Suppose that \(X=\{a, b, c\}\) and that a rational decision maker strictly prefers \(a\) to \(b\) and \(b\) to \(c\). Assuming that the decision maker compares lotteries by comparing their expected utilities, find a utility function on \(X\) such that the decision maker is indifferent between the following two lotteries: \[L_1=[a:0.6, c:0.4]\mbox{ and } L_2 = [b:1]\]

Suppose that Ann is faced with the choice between lotteries \(L_1\) and \(L_2\) where: \[L_1=[\$4000:0.4,\ \$0:0.6]\qquad L_2=[\$3000:1.0]\] Suppose that Ann ranks \(L_2\) over \(L_1\) (e.g., \(L_2\mathrel{P} L_1\)) and that Ann is also faced with the choice between lotteries \(L_3\) and \(L_4\) where: \[L_3=[\$4000:0.2, \$0:0.8]\qquad L_4=[\$3000:0.5, \$0:0.5]\] Can we conclude anything about how Ann ranks \(L_3\) and \(L_4\)?

Ann must rank \(L_4\) over \(L_3\) (e.g., \(L_4\mathrel{P} L_3\)).

Suppose that ranks \(L_2\) strictly above \(L_1\) according to expected utility. Then there is a utility \(u: \{\$4000, \$0, \$3000\}\rightarrow \mathbb{R}\) where: \[0.4*u(\$4000) + 0.6*u(\$0) < 1.0* u(\$3000)\]

This means that \(L_4\) is ranked strictly above \(L_3\) according to expected utility theory and Ann’s utility \(u: \{\$4000, \$0, \$3000\}\rightarrow \mathbb{R}\).

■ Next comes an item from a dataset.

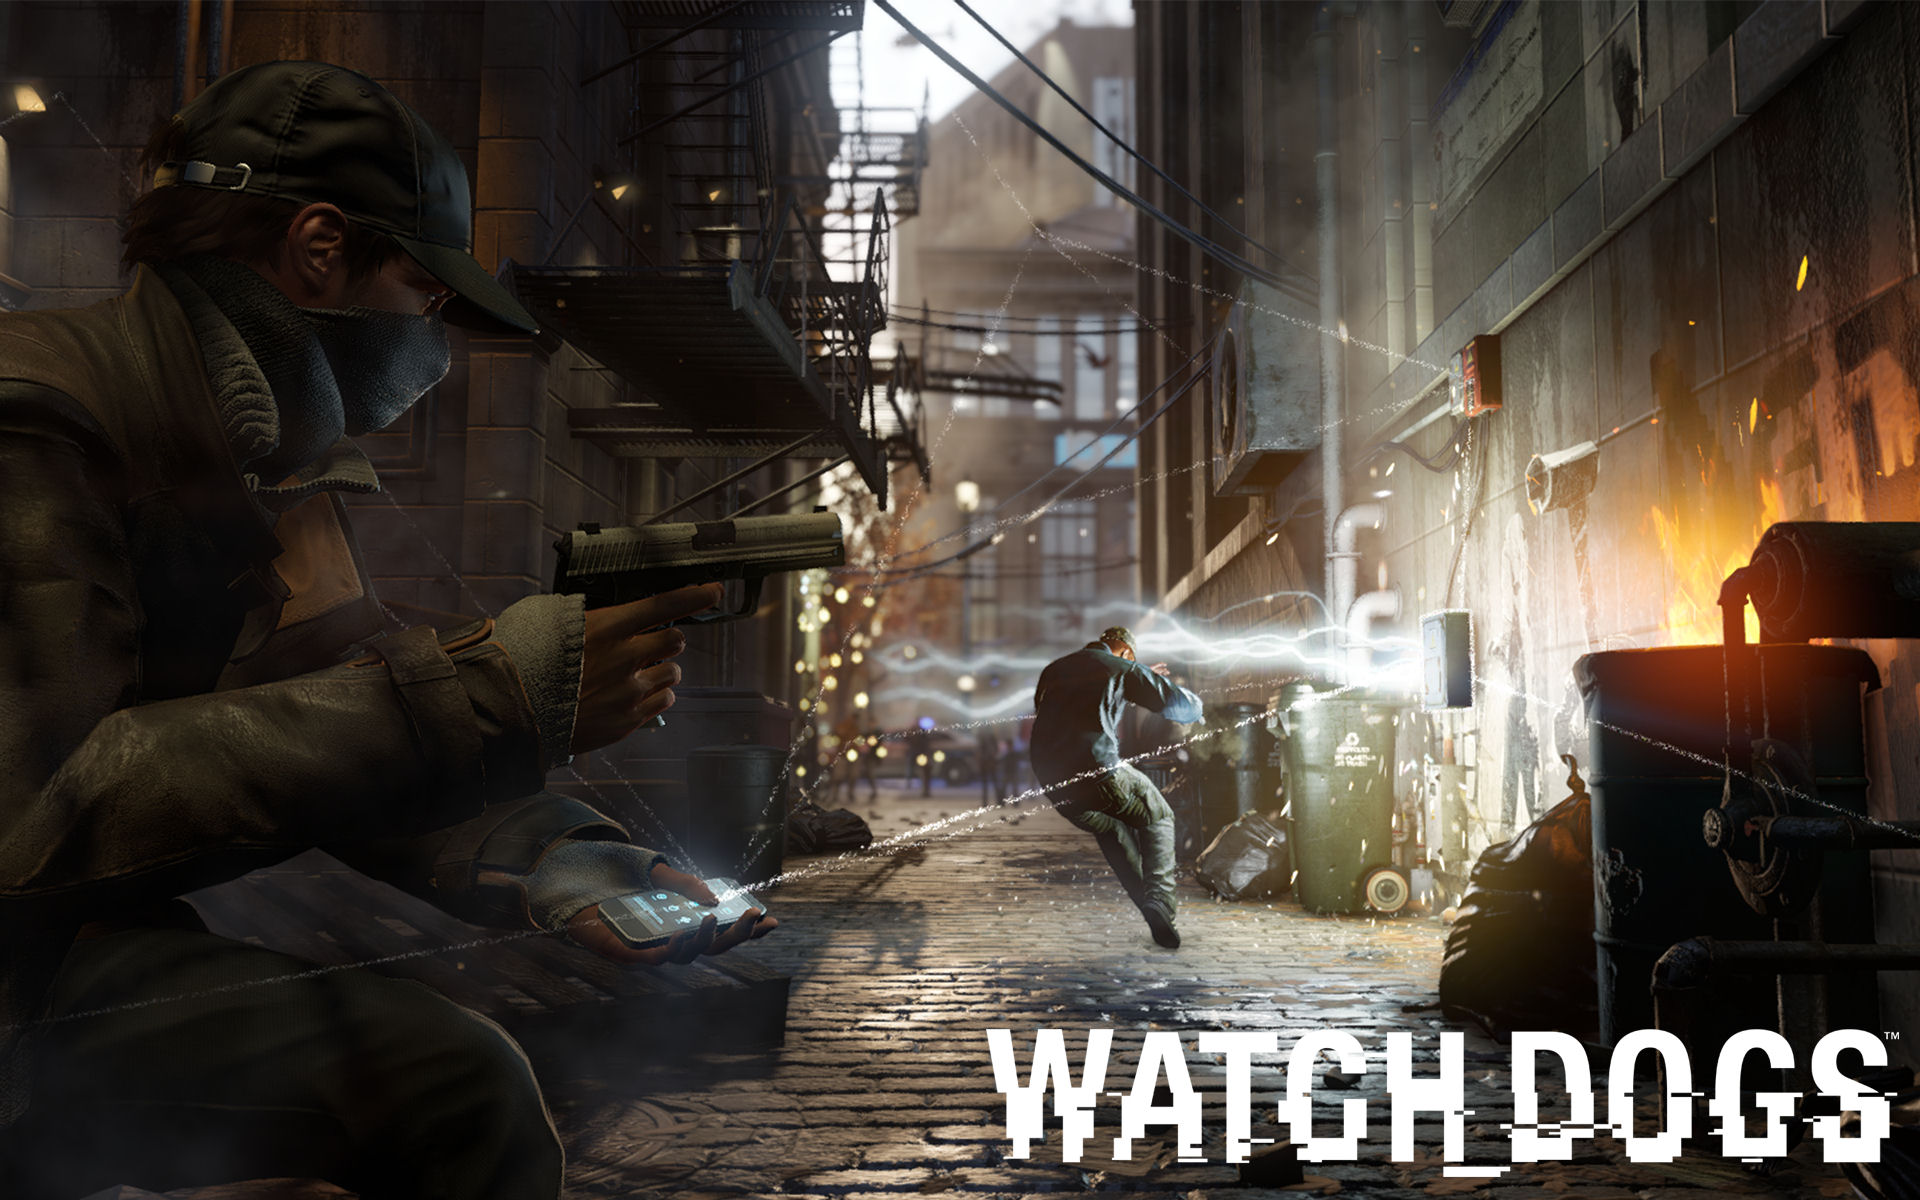 Watch Dogs Gameplay Wallpaper

Suppose that a decision maker strictly prefers \(a\) to \(b\) and \(b\) to \(c\). Consider the lotteries \(L_1=[a:0.7, c: 0.3]\) and \(L_2=[c:0.3, b:0.7]\). Assuming that the decision maker’s preferences are rational and that she compares lotteries by maximizing expected utility, which of the following is true:

The decision maker strictly prefers \(L_1\) over \(L_2\).

The decision maker strictly prefers \(L_2\) over \(L_1\).

The decision maker is indifferent between \(L_1\) and \(L_2\).

There is not enough information to answer this question.

Suppose that \(u\) is a utility function representing the decision maker’s preferences.

Then \(EU(L_1, u) = 0.7u(a) + 0.3u(c)\) and \(EU(L_2, u) = 0.3u(c) + 0.7u(b)\)

Since \(u(a) > u(b)\), we have \(0.7u(a) > 0.7u(b)\) and so \(0.7u(a) + 0.3u(c) > 0.7u(b) + 0.3u(c)\). Hence, the decision maker must strictly prefer \(L_1\) to \(L_2\).